• Un dimanche complètement japonais

    Deux bons achats de livres cette semaine, d’abord chez Joseph Trotta puis au Rêve de l’Escalier, deux ouvrages qu’après un bon repas dominical, je feuillette attentivement avec celle qui me rejoint le ouiquennede.

    Le premier, publié en mil neuf cent soixante-dix-sept pour la Bibliothèque des Arts de Paris par l’Office du Livre de Fribourg s’intitule Le Chant de l’oreiller et est sous-titré L’Art d’aimer au Japon.

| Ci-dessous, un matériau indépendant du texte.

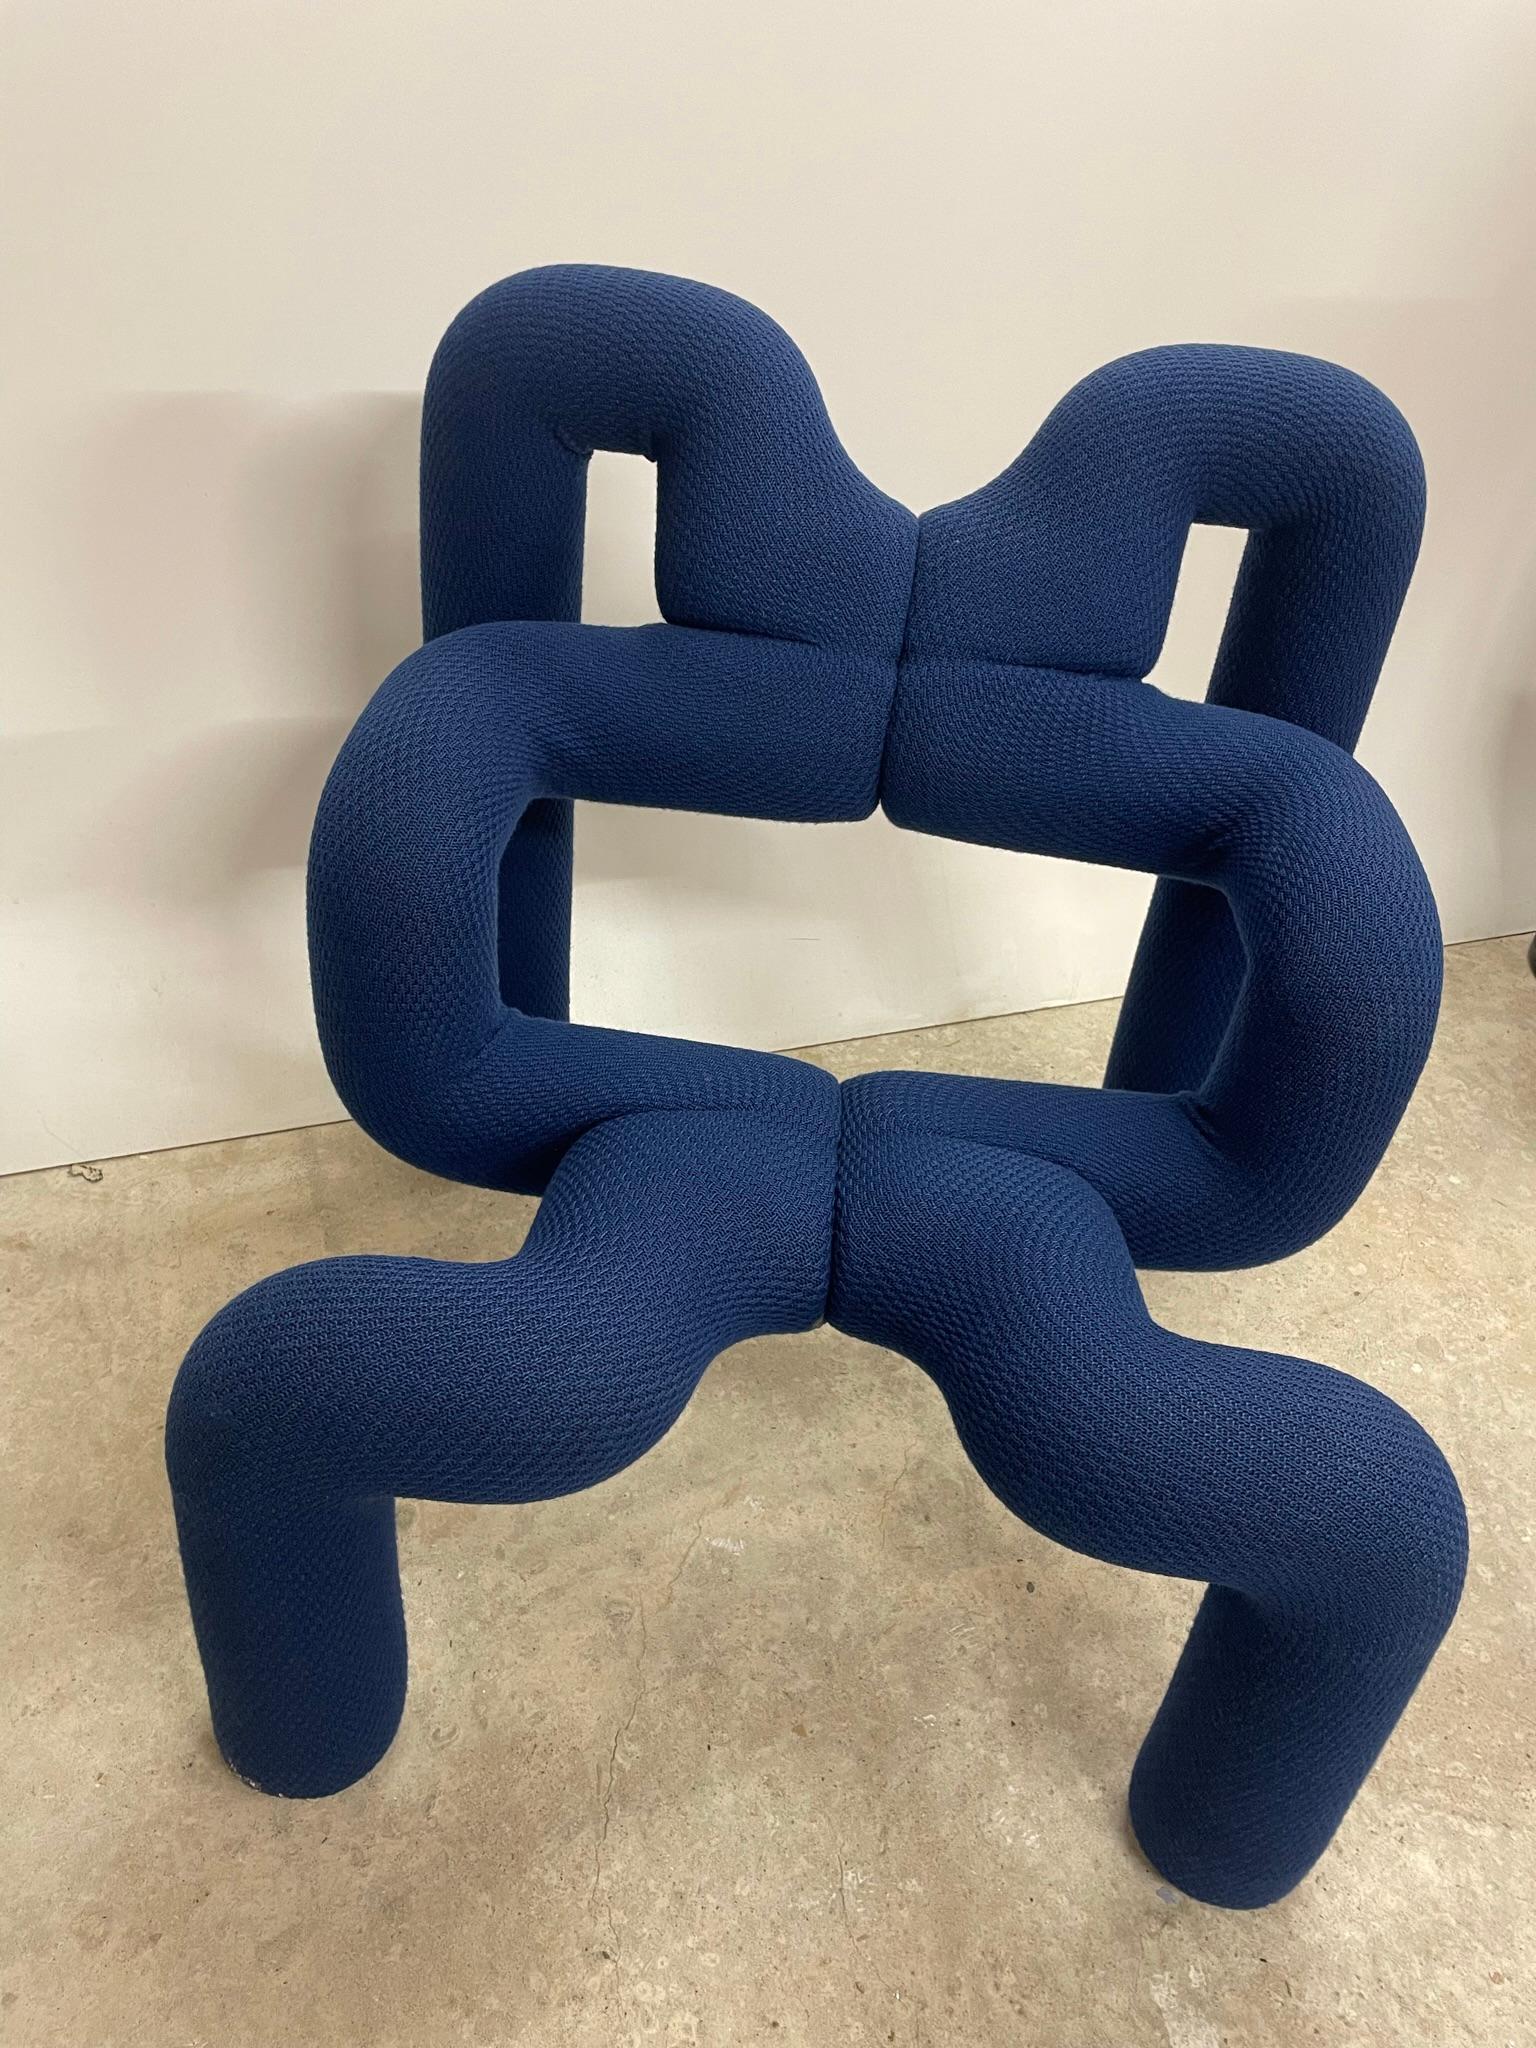 Ein Kunstwerk getarnt als Sessel! 

Dieser Loungesessel, der auch als Extreme Chair bekannt ist, kommt direkt aus Norwegen. Dieser abstrakte Entwurf stammte von Terje Ekstrom für Stokke Varier. Mit seiner ergonomischen Sitzfläche lädt er ein zum

    On y voit tout ce qui a pu se faire en matière d’estampes érotiques et on y lit de larges extraits de la littérature de ce charmant pays, comme ce conte anonyme tiré du recueil Fujikusô :

    Au premier étage, la sœur fait la sieste. Son frère la regarde ; si charmé par le spectacle, il ne peut empêcher son « instrument » de durcir comme du bois. En vain essaie-t-il de l’apaiser ; il ne perd en rien sa vigueur.

    Incapable de se retenir, il monte à califourchon sur sa sœur et, doucement, fait entrer son « instrument ». Le plaisir est si grand qu’il le pousse jusqu’au fond.

    -Le diable t’emporte ! s’écrie la sœur qui se réveille. Sais-tu ce que tu fais ?

    Tout bouleversé, son frère répond :

    -Excuse-moi. Je me retire tout de suite.

    Mais, feignant de ne pas l’entendre, elle lui dit :

    -Le Ciel te punira davantage, si tu te retires.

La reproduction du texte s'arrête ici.